Note the underlined text. Ideally, a design firm would maintain control of its work product or at least be indemnified for any subsequent re-use or misuse.

Example 2: Assignment of Engineering Contract. Another type of certification agreement calls for the design professional to assign the engineering contract to the lending institution. These agreements may contain problematic language or express warranties or guarantees that can result in significant and uninsured liabilities for design firms. Consider the following paragraph from a sample agreement:

Whereas, this Agreement is given by the Engineer to (BANK) in connection with (BANK’s) disbursement of acquisition, development and/or construction loan funds (the “Loan”) for improvements to __________ (the “Borrower”), and it is intended that BANK shall rely upon the contents and accuracy of this Agreement in going forward with such financing ….

Here, the underlined wording appears to make granting the loan contingent upon the engineer’s certification, which goes beyond the design firm’s responsibility under the “standard of care.” Thus, design firms should seek to strike that text.

A subsequent paragraph from the same sample agreement reads:

Now, therefore for value received, the receipt of which is hereby acknowledged, and in order to induce BANK to make the Loan to Borrower, the Engineer hereby confirms and agrees as follows…

Again, the underlined wording should be deleted.

The same sample agreement also has other problematic wording:

Engineer acknowledges that BANK may be disbursing construction advances from the Loan proceeds to Borrower and/or third parties in reliance on inspections or certifications to be made or supplied by the Engineer to Borrower and/or BANK in connection with construction of the Improvements and, that BANK shall be entitled to rely upon and receive the benefits of the Contract, inspections and certifications as if BANK were a party thereto or was listed as an addressee thereon.

The first section of the underlined text expands the design professional’s potential liability and the second section (“… that BANK shall be entitled ….”) gives rights to the lender that may not have existed in the original contract.

Professional liability insurance generally covers design professionals for issues arising from their negligence, but does not cover contractual breaches that go beyond the negligence standard or arise from other issues. Clients and lenders may not know that the warranties, guarantees, and other contractual commitments they request in a certification aren’t covered by the design professional’s professional liability insurance.

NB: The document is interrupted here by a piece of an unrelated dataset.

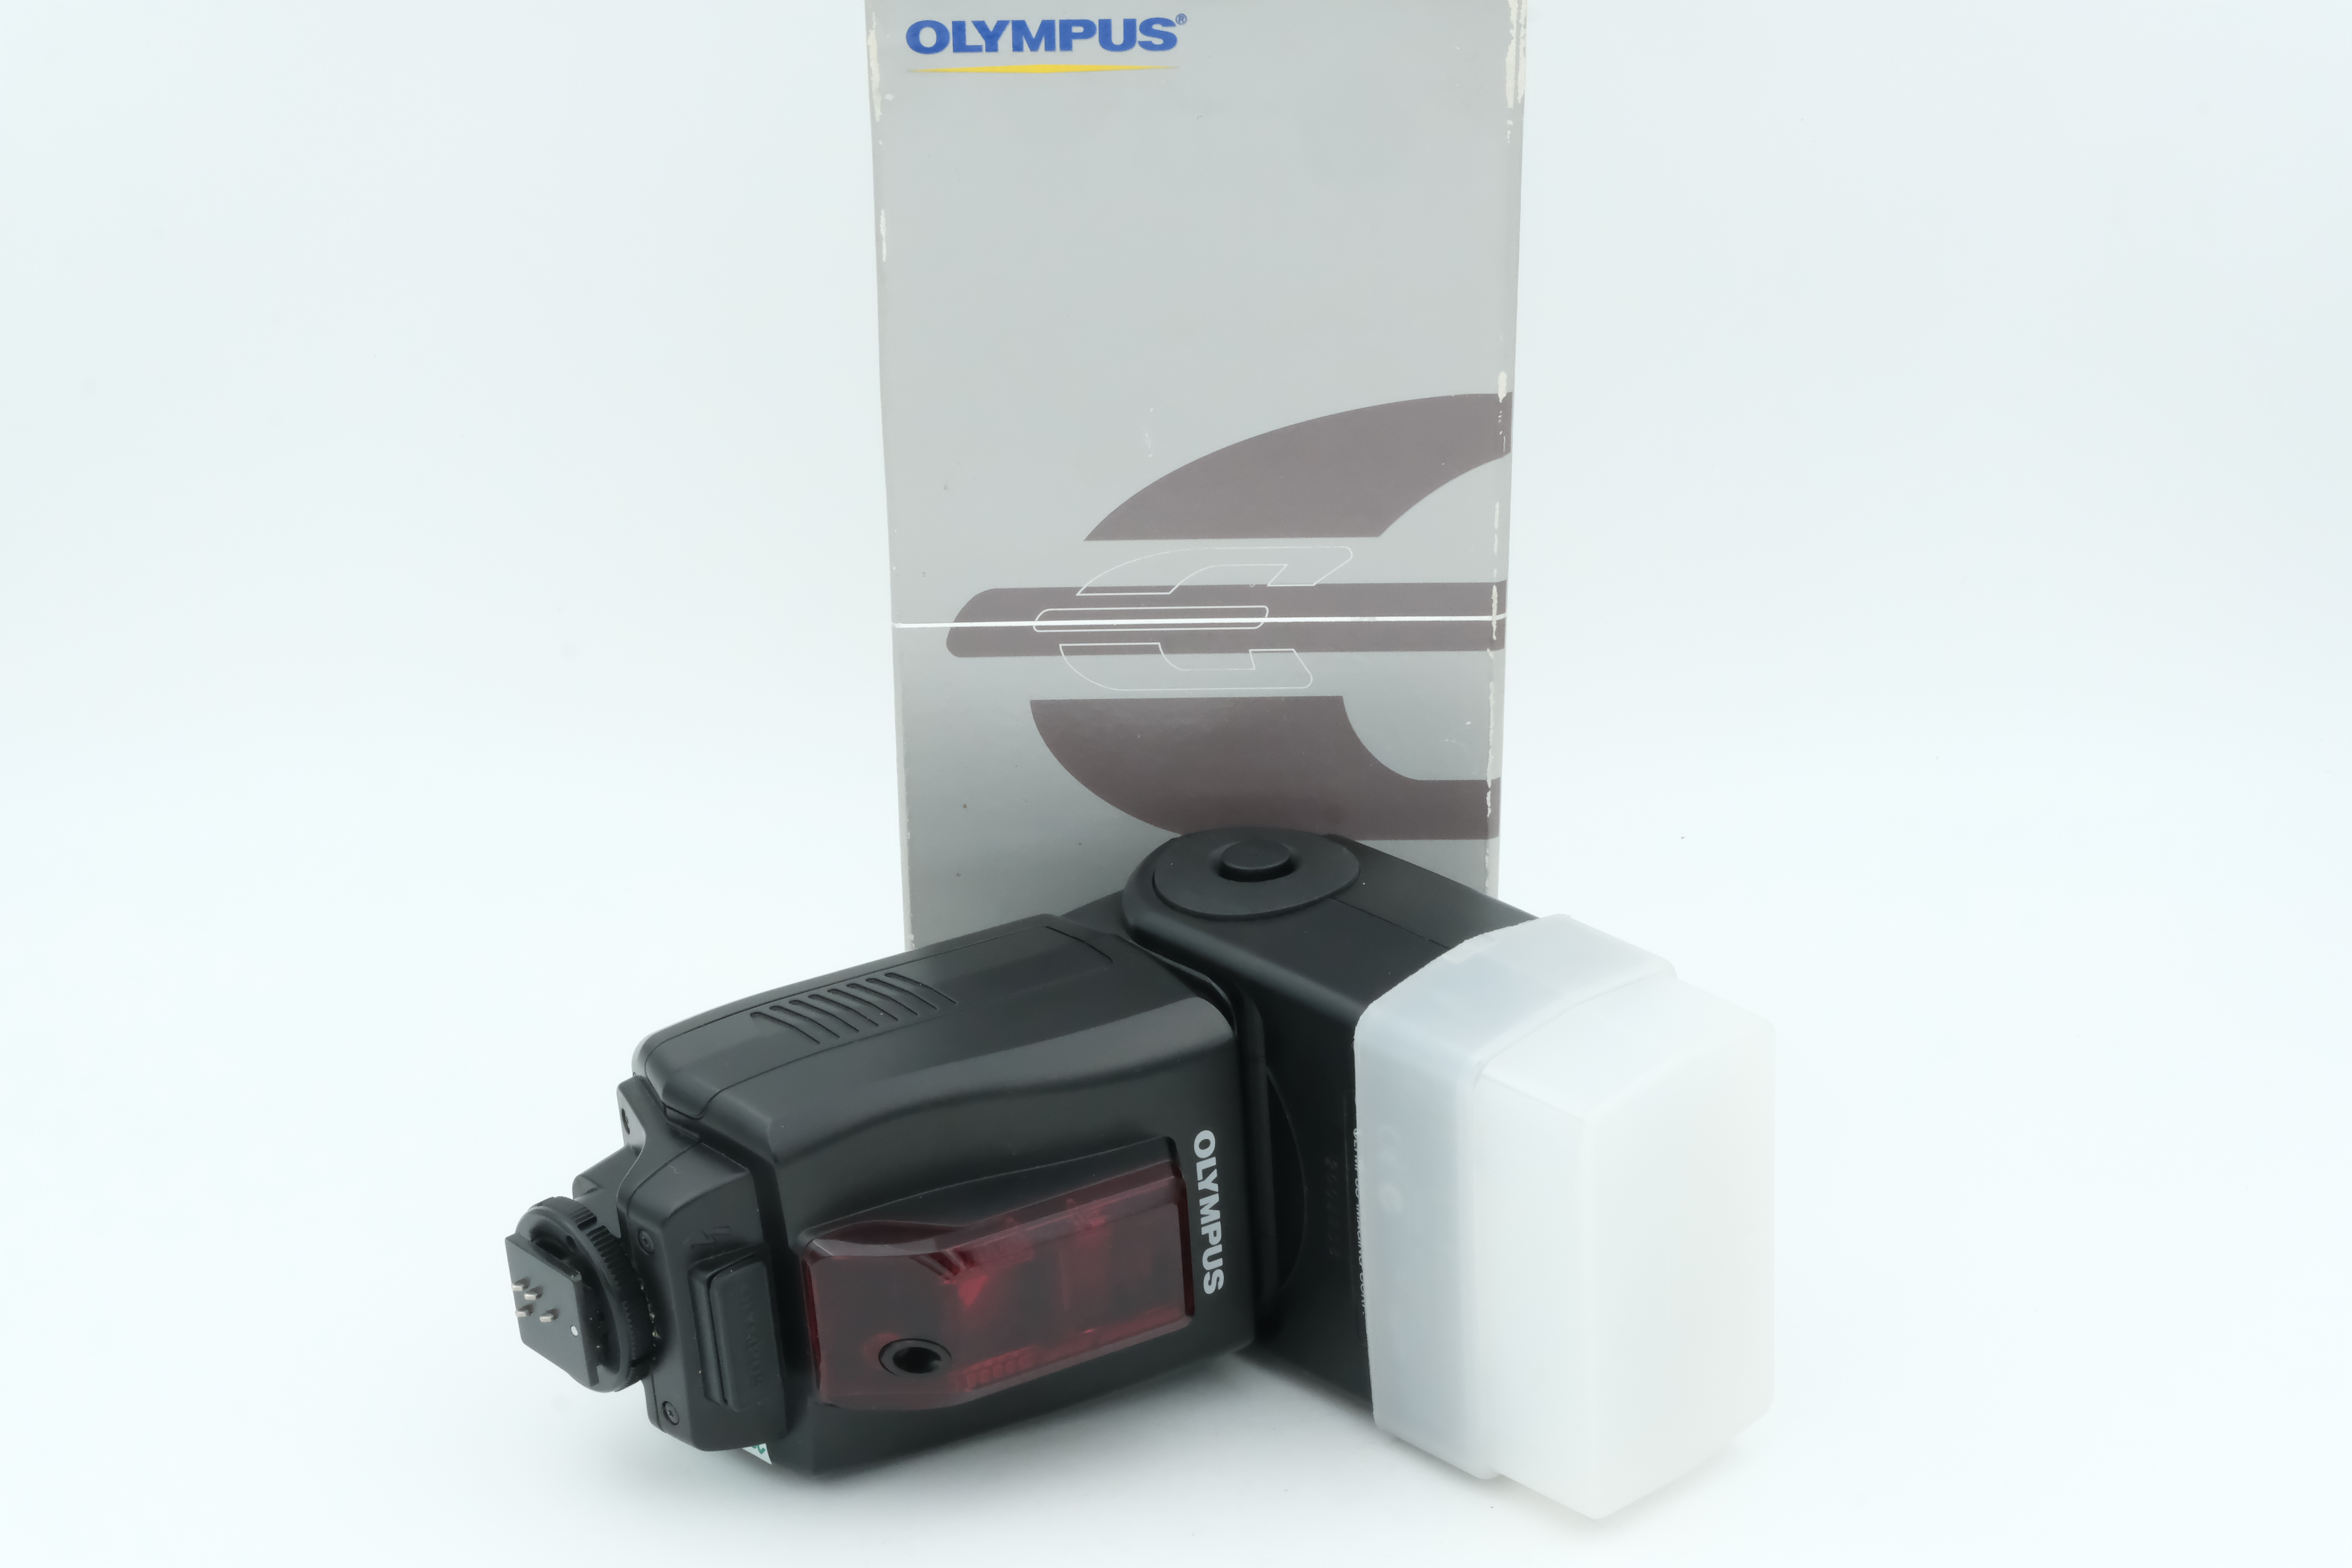 Olympus FL- 50 Blitz Digital

Make sure relevant parties understand the liability issues associated with any problematic language in the certification and explain that the design firm is likely to lack any insurance protection for related claims. This may enable you to negotiate the insertion of appropriate caveats into the certification – such as “to the best of the engineer’s/architect’s knowledge …” – that may help preserve your coverage.

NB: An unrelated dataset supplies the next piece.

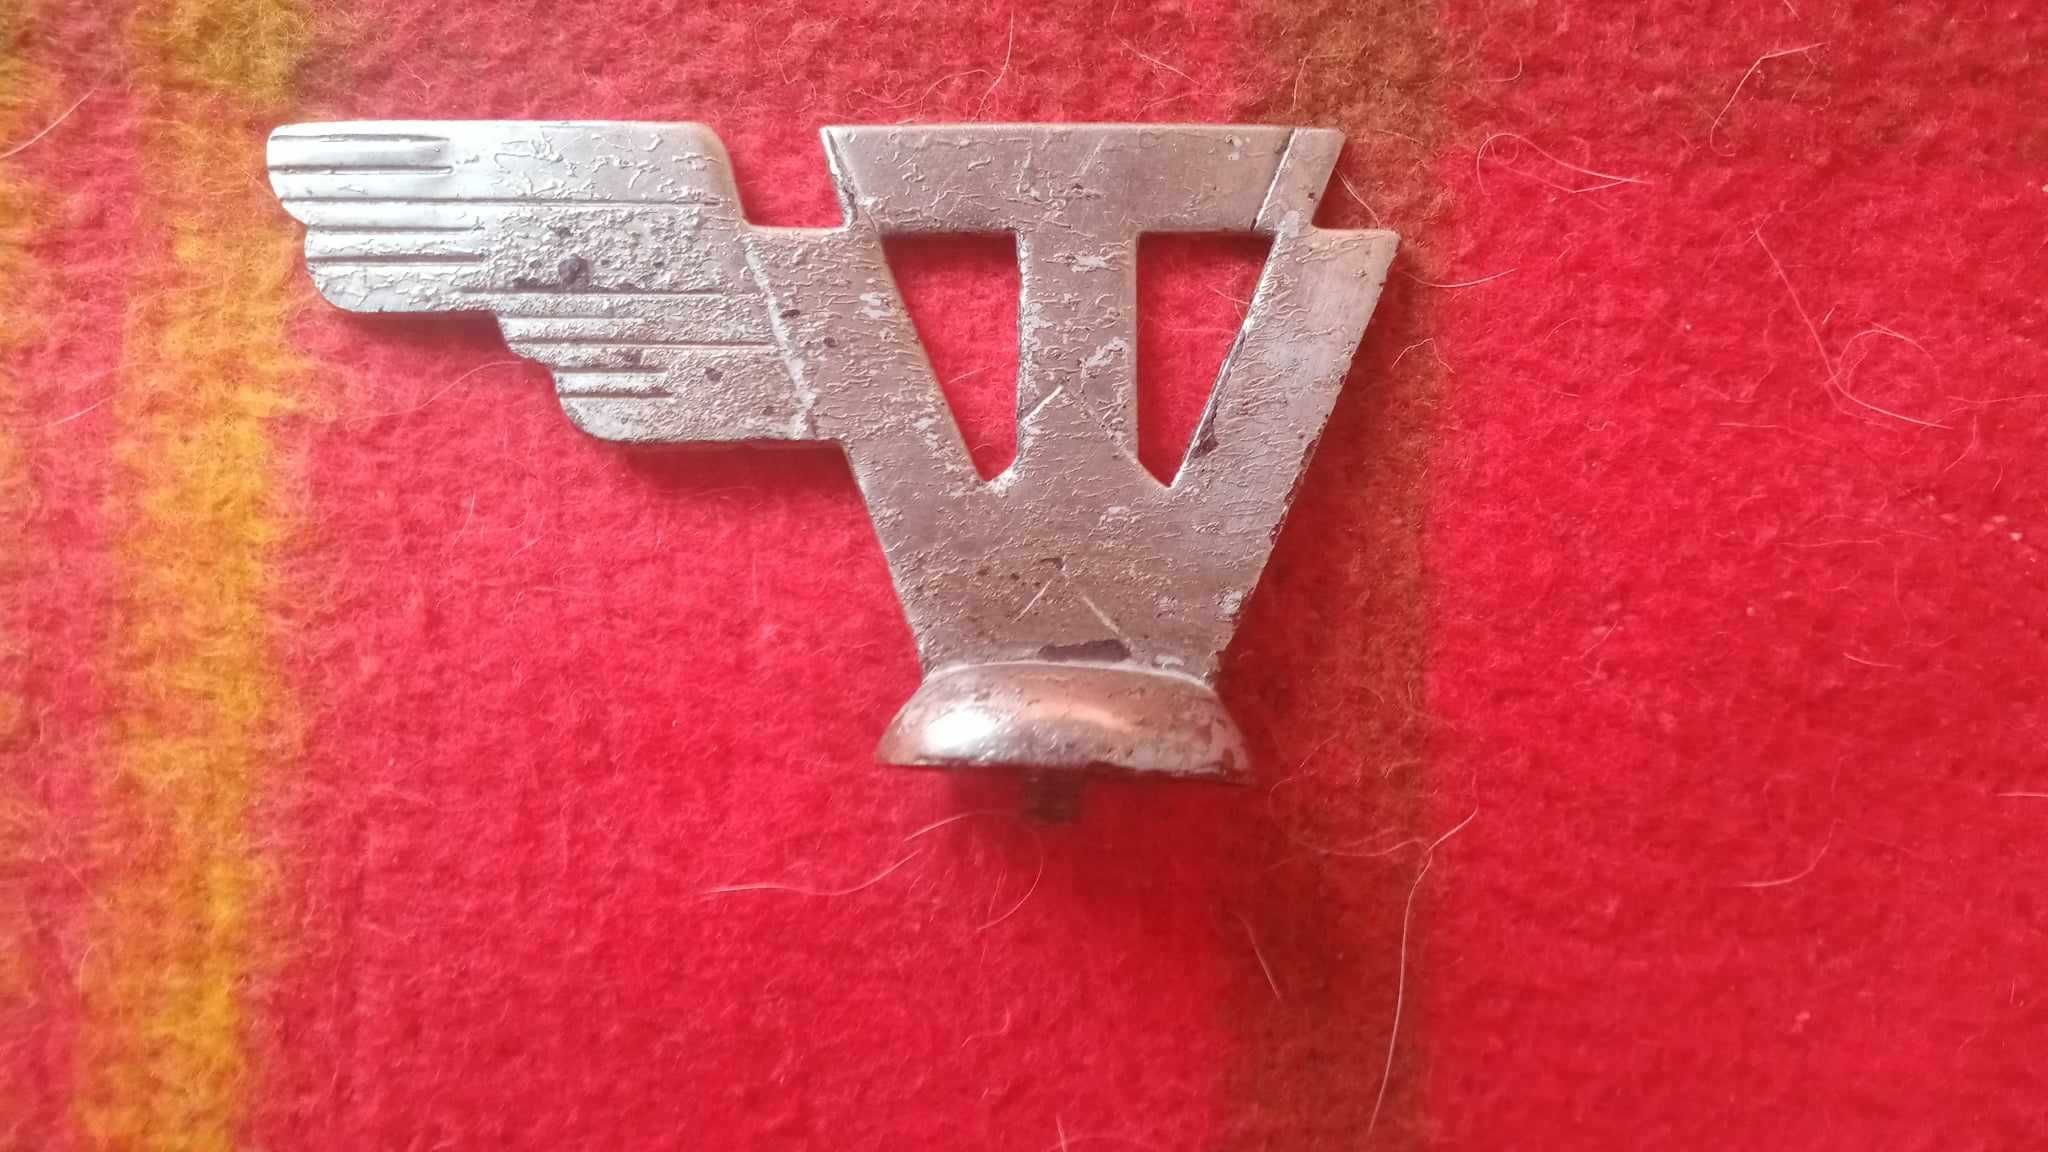 Stary emblemat,znaczek rowerowy TORPEDO/unikat

Some AEC insurers suggest defining the term “certify” at the bottom of the certification form and provide sample wording. In addition, consider including contractual language used in the most recent AIA and EJCDC documents. This language defines more clearly the intent of certifications and provides important protections.

By carefully reviewing any certification with your legal counsel and insurance advisor, negotiating the removal of inappropriate clauses and insertion of caveats to minimize potential liability, design firms will be in a better position to address the needs of their clients and lending institutions financing the projects.